The newly released hospital price lists have been kicking up a lot of commentary on Twitter, Facebook and LinkedIn. The lists, as we’ve been discussing, are being made public in compliance with a new Centers for Medicare and Medicaid Services rule that hospitals have to post all their list prices online as of Jan. 1. The lists basically are a reproduction of the hospitals’ lists of charged prices, called a Chargemaster.
Here’s a chain of comments from Tami Dew Rich, a former hospital administrator. She said when she started work as “Director of Budget and Reimbursement” in 1985, she was told “The charge master pricing structure is completely meaningless & not based on any rhyme, reason or reality.”
The charges, at this Massachusetts hospital, she explained, came form the concept of a base year (1980( with Maximum Allowable Costs and inflation going forward. “We knew in ’79 it was coming so we front-loaded the base w/MASSIVE SPENDING.”
She added that they kept one set of books for the board, the accountants, and third-party auditors, set to have a bottom line that breaks even. The second, “FYEO,” For Your Eyes Only, made money.
This does not completely surprise anyone, you must understand. People in the hospital industry know this is true to some degree at many hospitals — the surprising thing is that someone’s talking about it out loud.
A friend of mine who used to be a hospital administrator told me once that they added to the Chargemaster as they saw fit.
Another friend, joking about the Chargemaster, said, “Bob in accounting made that in the Seventies, and we just add a few percentage points every year.”
The charged prices, of course, serve several functions in the marketplace:
- Many insurers negotiate contracts as a discount off charged prices (60 percent discount is not as good as 65 percent when the insurer is selling insurance to an employer)
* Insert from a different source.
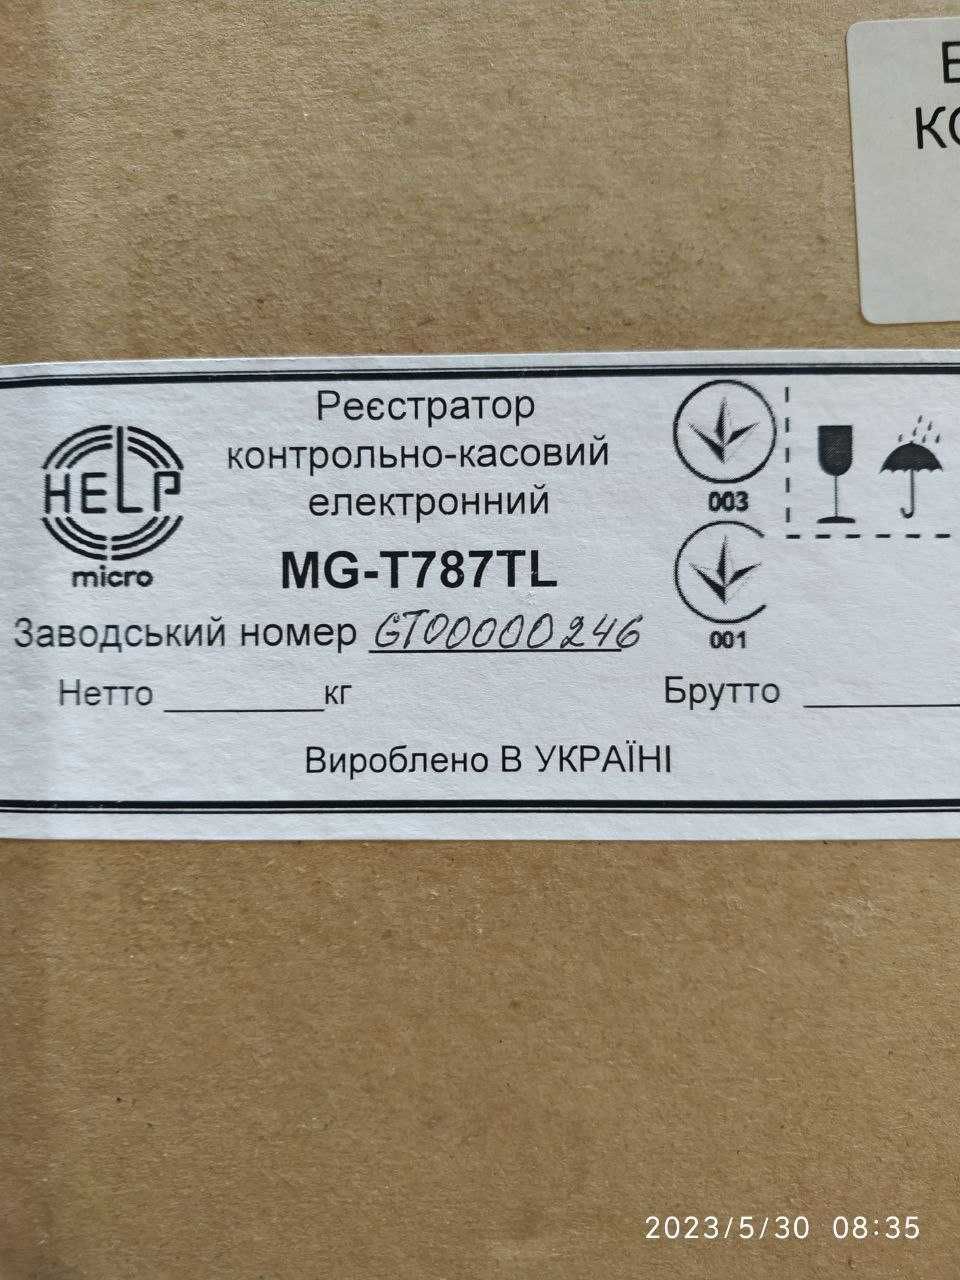 Електронний контрольно-касовий реєстратор MG-T787TL (РРО) НОВИЙ 2019р

- The inflated charge prices have a way of making the hospitals’ work look really substantial and expensive
- In some health care transactions, the difference between the charged price (say, $5,000) and the paid price (say, $500) can be used to represent losses, even if the losses are off a fictitious charged price
Hospitals and insurers stubbornly cling to them because that’s how they have done business for years, and they don’t wish to see change.
Niall Brennan, formerly of the Center for Medicare and Medicaid Services and now at the insurance industry’s Health Care Cost Institute, was similarly scornful in this thread on Twitter.
“I’m pretty unimpressed with this latest initiative and think we continue to keep asking ourselves why we continue to roll our terribly flawed ‘transparency’ initiatives that do little or nothing to help patients navigate the system in a more informed manner,” he tweeted. “Data is non-standardized and practically unfindable on many hospital sites – I’ve no doubt tech firms could take a run at this but why? Comparison tools of hospital charges were built 5 years ago and no-one used them because the data isn’t meaningful for patients.”
Meanwhile Grace Cordovano, a patient advocate, posted on LinkedIn the set of numbers with prices attached at right, calling it “an insult to patients & basically all of humanity.”
For her part, the head of CMS, Seema Verma, tweeted that “#PriceTransparency in #Healthcare is a major priority for #POTUS and his administration, and in 2 short years we’ve already accomplished a lot.” She cited legislation to end gag clauses in contracts, which has had zero effect, and a proposal to require drug companies to disclose list prices of drugs in ads.
It’s hard to believe that this can be represented as progress on transparency, but there you have it.